ビールは麦芽が原料だが麦芽(モルト)の中にデンプンと一緒に糖化酵素も含まれているので麹とか必要ない。
その糖化酵素(Diastases)は大麦自身のデンプンの3倍の量を糖化させる能力持つそうだ。つまり大麦麦芽とサツマイモとホップとイーストで芋ビールが出来るのではないか。サツマイモでなくてもトウモロコシでも蕎麦でもカボチャでも色んなビールが出来ると思う。
芋の場合ここにもその様に説明されている。イモビールが出来るまで
ただ企業秘密なのかレシピが見つからない。
で、まずは3倍の量というのを考えてみた・・・

モルト124g×0.7≒87g
麦芽の糖化酵素は3倍の糖化能力があるので自身の87gの他に174gのデンプンを加えてもよい。
(読解力不足の自分だが3倍の能力があるとは↑こうゆうこと? 違っても低めに見積もってるから良いだろう)
次はデンプン174gが取れるサツマイモの量だが
サツマイモ デンプン含有率 22〜25%だそうで中間値をとって23.5とすると
174g÷0.235≒740g
740gのサツマイモを準備すればいい(サツマイモは加熱すると甘くなるがサツマイモにも分解酵素が含まれて糖分に変わるけど・・まぁ細かい話がさらに細かくなるのでそこは無視しよう。)
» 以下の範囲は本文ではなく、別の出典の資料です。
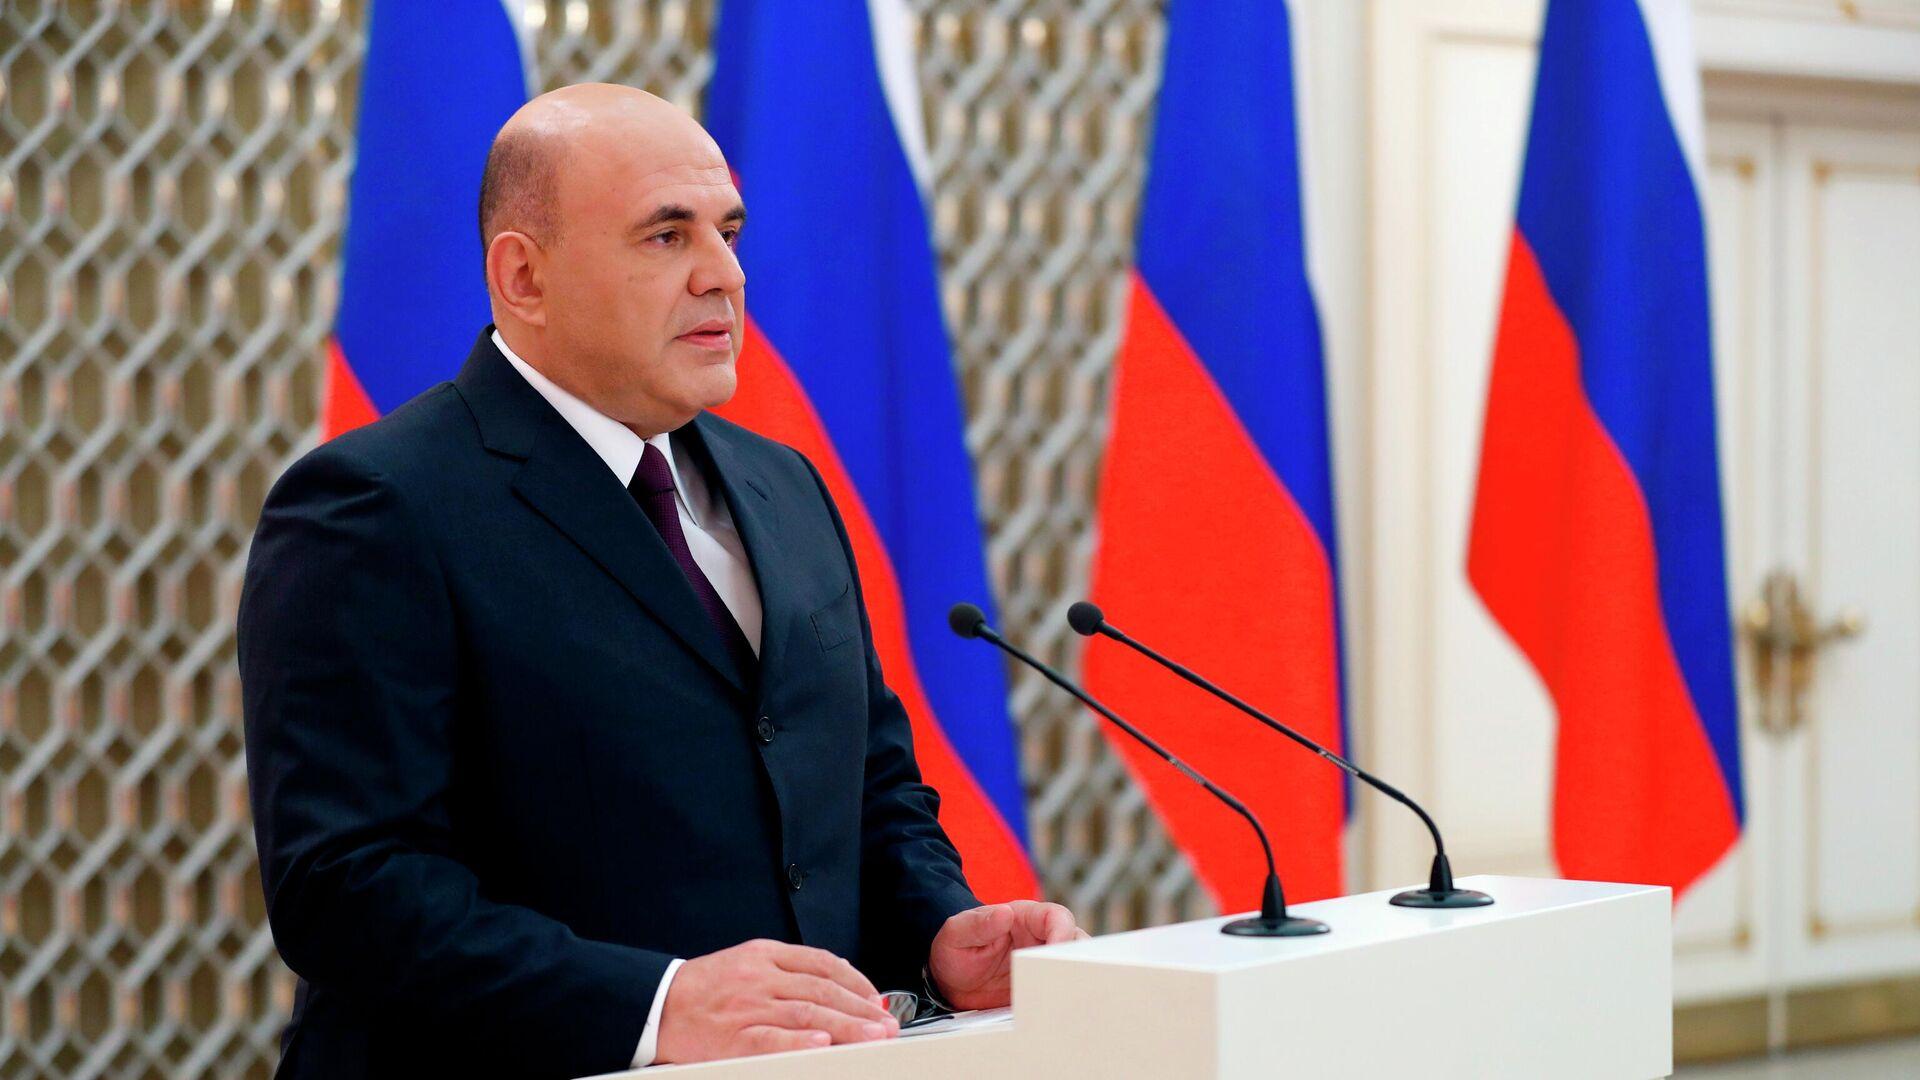 Мишустин заявил, что Россия всегда жила под санкциями

モルトの87gとサツマイモの174gのデンプンで計261gから
デンプンの分子式は(C6H10O5)n 分子量は 162×n
グルコース分子式は n個の(C6H12O6) 分子量はn×180
261×180/162=290gの糖分となる。
続いて
C6H12O6 → 2C2H5OH + 2CO2
グルコース分子量180からアルコール分子量46が2分子なので92であるから
糖分290g×92/180=148gのアルコールに変わる。
(大雑把に糖分の半分がアルコールになるって根拠はこれだ)
そしてこの148gが水に溶けてる状態が5%となる溶液の量を逆算する
148÷0.05=2960
溶液にはEtOH148g溶けているので
2960-148=2812g=2812mL
しかし糖化も発酵も100%上手くいっての事だから5%が4.5%になるかも知れないが・・飲めれば良しとする・・・何なんだ今までの細かい計算は!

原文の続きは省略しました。